Now there is a school of thought that says data should be left to the experts and that data democratisation is almost synonymous with poor data governance. I’ve heard horror stories of companies that have had multiple teams of data scientists even, working off the same data sources, building models iteratively and ending up with different versions of the truth and no idea how they got there. It’s not hard to imagine the type of logistical nightmare that can arise if you give everyone a data science platform and tell them to get to work. This is why data democratisation needs to be a managed process with a strong infrastructure in place to support it. The promotion of business users to citizen data scientists needs to be planned with careful consideration to the roles within teams and a dotted line to a central analyst hub. By creating citizen data scientists, instead of being deprioritised, lower value insights work can be pushed to self-service capabilities and these insights can be more readily filtered through the business. Data scientist roles now become building the models rather than deploying them, with the citizen data scientists focusing on the smaller day to day tasks.
So now you’ve bought into the idea, the question then becomes how do you create a citizen data scientist? Well the simplest way is through the use of AI platforms, like our Oscar Data Science platform. By automating machine learning, you lower the level of technical expertise required to interrogate data and find insights and by adding in automated processes and other code-free features, you enable these citizen data scientists to deploy the more complex models that the data scientists have built.

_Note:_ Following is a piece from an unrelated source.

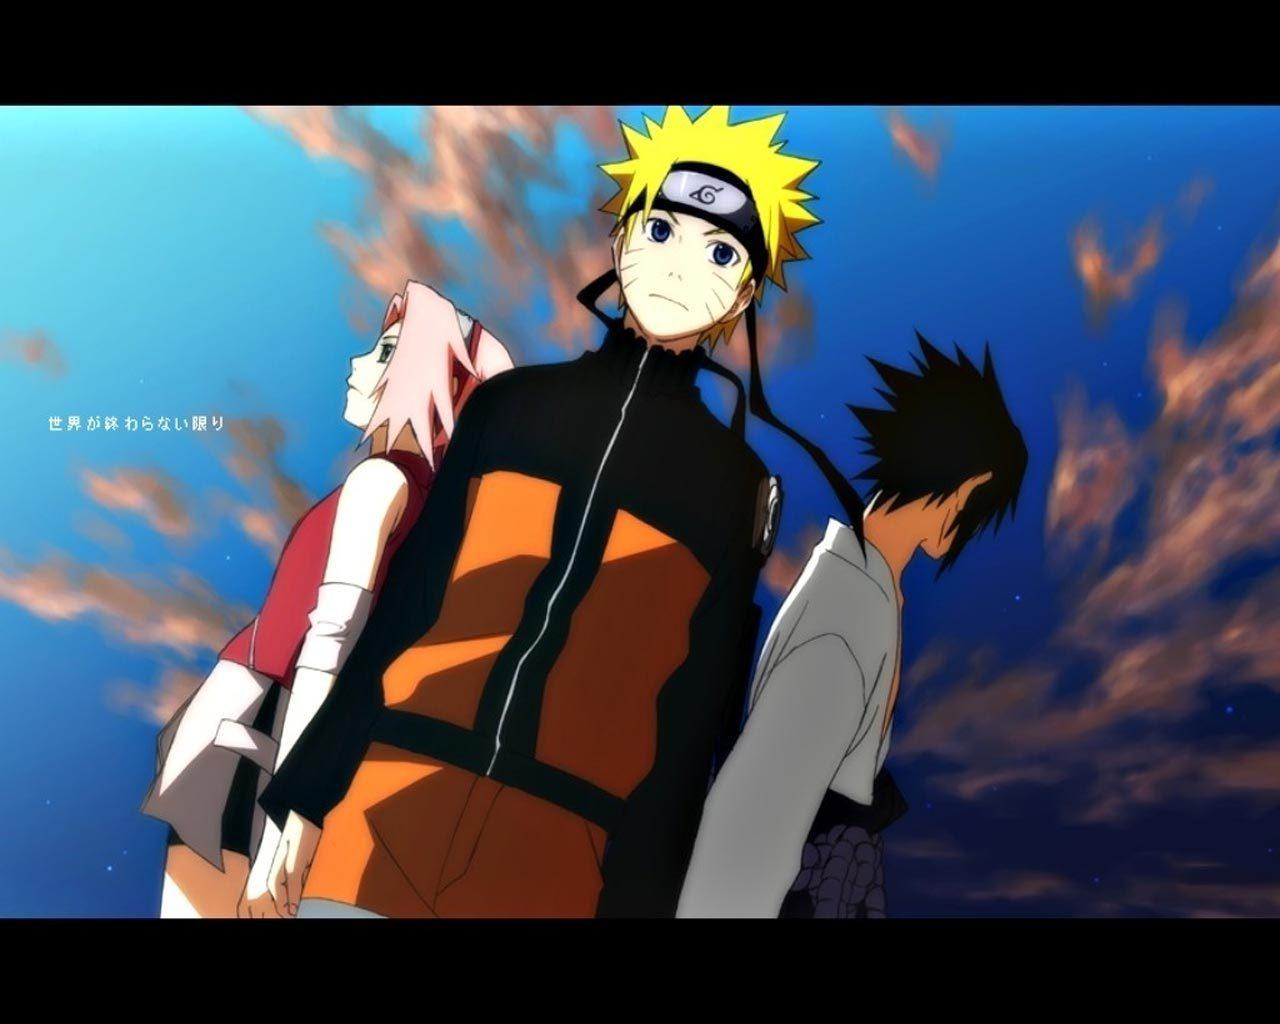 Naruto Sakura and Sasuke   Naruto Shippuuden Wallpaper 20578742 1280x1024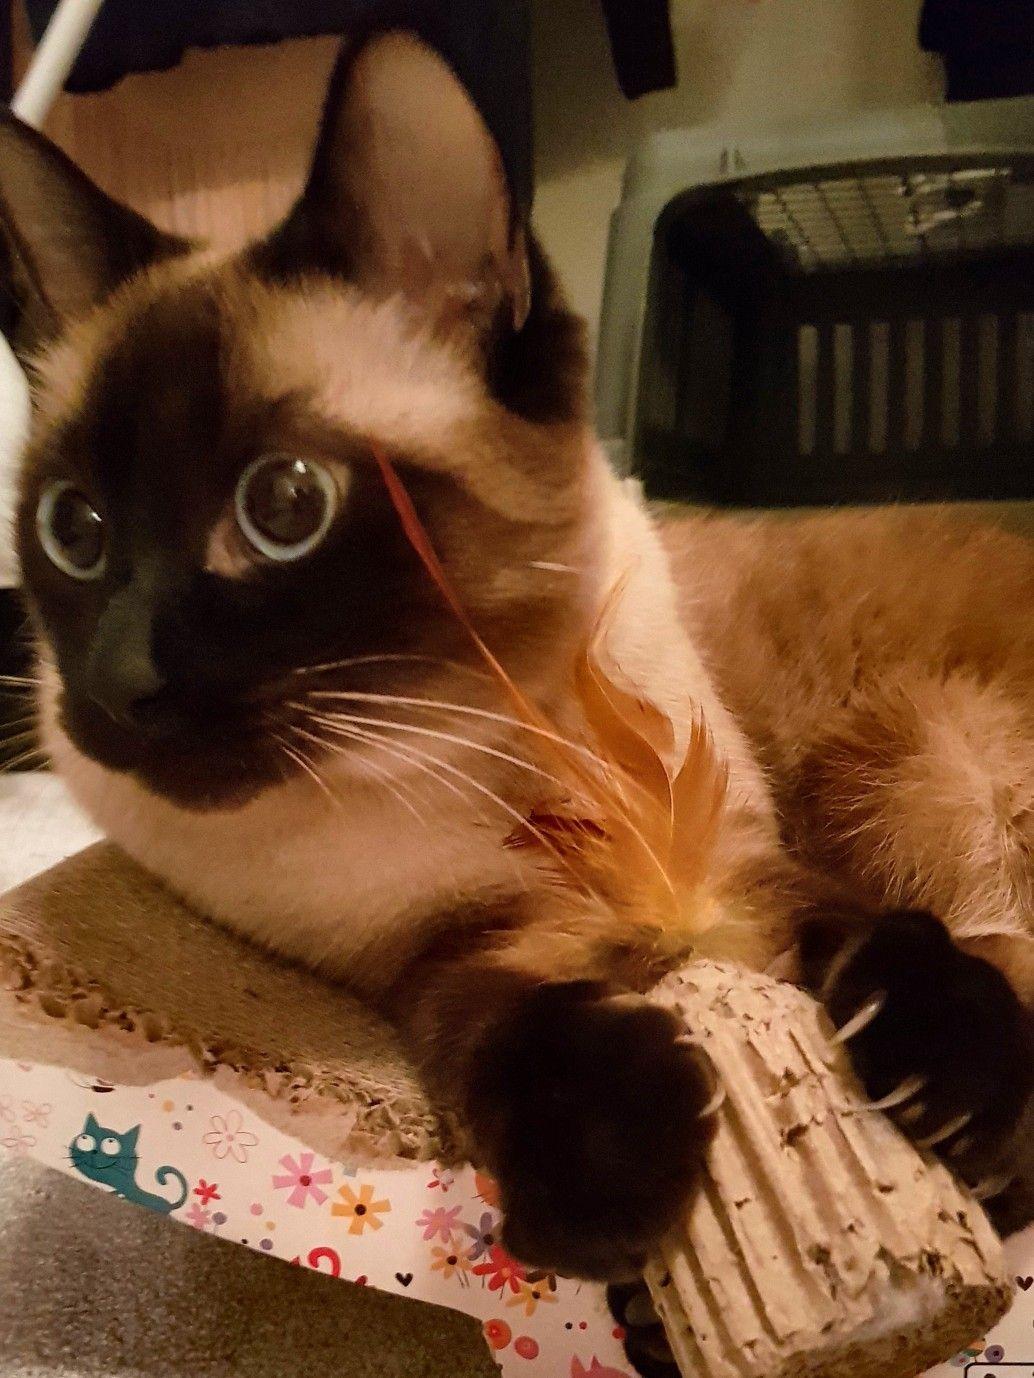 SiameseCat Cat care, Siamese cats, Siamese kittens

At Massive Analytic, we have three different editions of our Oscar platform, designed to support the business and decision episode. The Studio Edition aims to upskill business users, it provides decades of data scientist knowhow in an easy-to-use platform. It combines machine learning, a UI to manage and wrangle data on Spark and visualisation in a single code-free platform. We also have an edition designed for data scientists and one for senior execs, but I won’t be covering those in detail here. In short, the Data Scientist edition is something of a data science sandbox, built to allow data scientists to import, build and export models company wide. The Viewer edition is designed to be a hub for viewing the various reports built in Oscar without the distracting bells and whistles. By democratising data in this tiered fashion, data scientists can maintain quality control while also empowering citizen data scientists to solve lower priority business cases.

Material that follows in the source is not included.